Scans came back showing nothing new, and nothing grew!! I continue to have thyroid lighting up incl some lymphatic tissue and swelling however TSH and Free T4 are back to normal, probably from steroids. It was biopsied 3 yrs ago, did a full endocrinology workup in Oct/Nov 12 and my doc remains unconcerned - says its Ipi induced. My 4mm brain met is now "tiny", the other went from 6 or 7 mm, depending on which report you read, to 5x3. Also there was no edema, and rad onc said I had it in my spinal cord due to "questionable leptomenengial enhancement over left frontal convexity". He discussed WBR, but we went SRS instead. Now this area is "less prominent". Scary.

The mass inside my heart had really taken off when I stopped Zel - from 7x11 mm on Sept 29 to 28x41x41mm with decreased heart function in 47 days off Zel. Now function is near normal with mass reduced to 19x30x34.

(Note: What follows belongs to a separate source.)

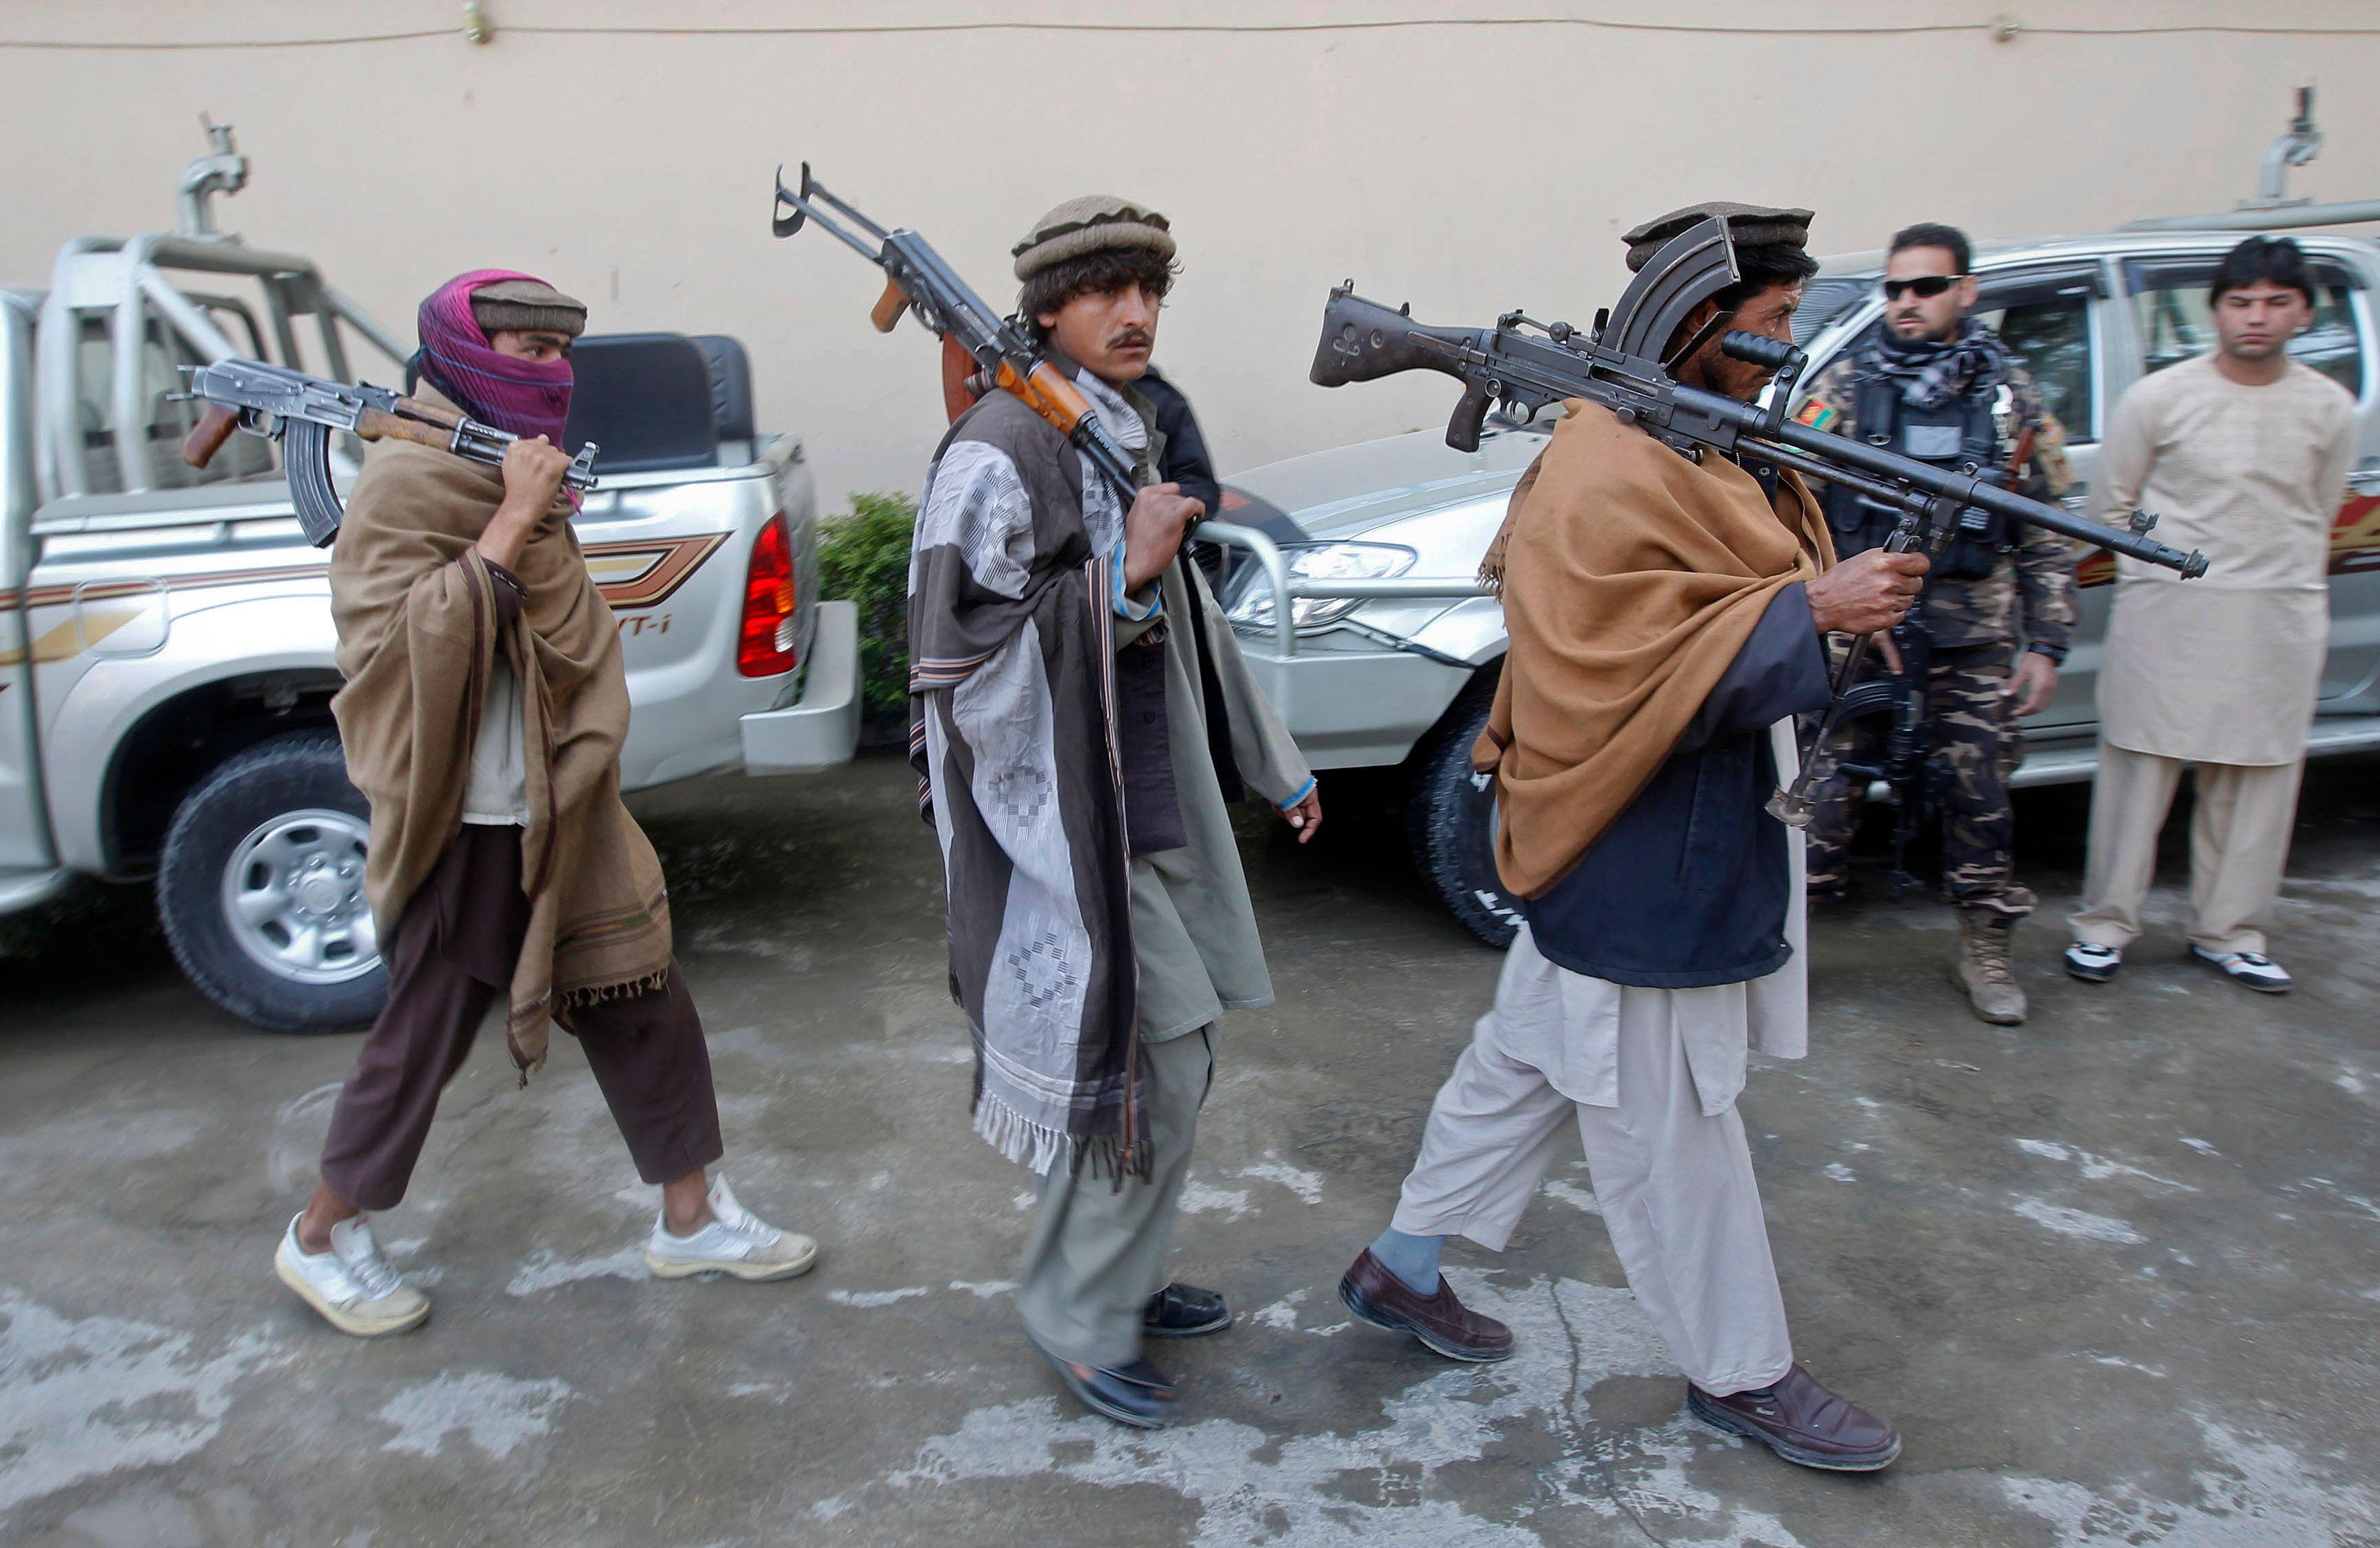 La question du combat à long terme contre le fondamentalisme musulman se pose dans les démocraties occidentales.

I have been back on Zel 63 days, actually taking the drug 48 of those days after a 48 day break to start Ipi. Unfortunately there is no way to ever tell if the Ipi worked according to my Dr because of me taking the Zel. Something is working though and for that we are very, very, grateful!!!

I created a Zel timeline w pie charts for my doc to see how much drug I'd taken, and the breaks I'd had. I've started an intermittent schedule of two weeks on/one week off to try to reduce side effects and get me off prednisone. And maybe it will prolong the response. I've been on pred since dec 14 when I was hospitalized for liver toxicity. ALP was 6x normal. Right now ALP is fine, but AST, ALT and Bili are all up and climbing so this is my one week off. Hopefully what held true in those poor little melanoma mice will work for us too. Squeak squeak.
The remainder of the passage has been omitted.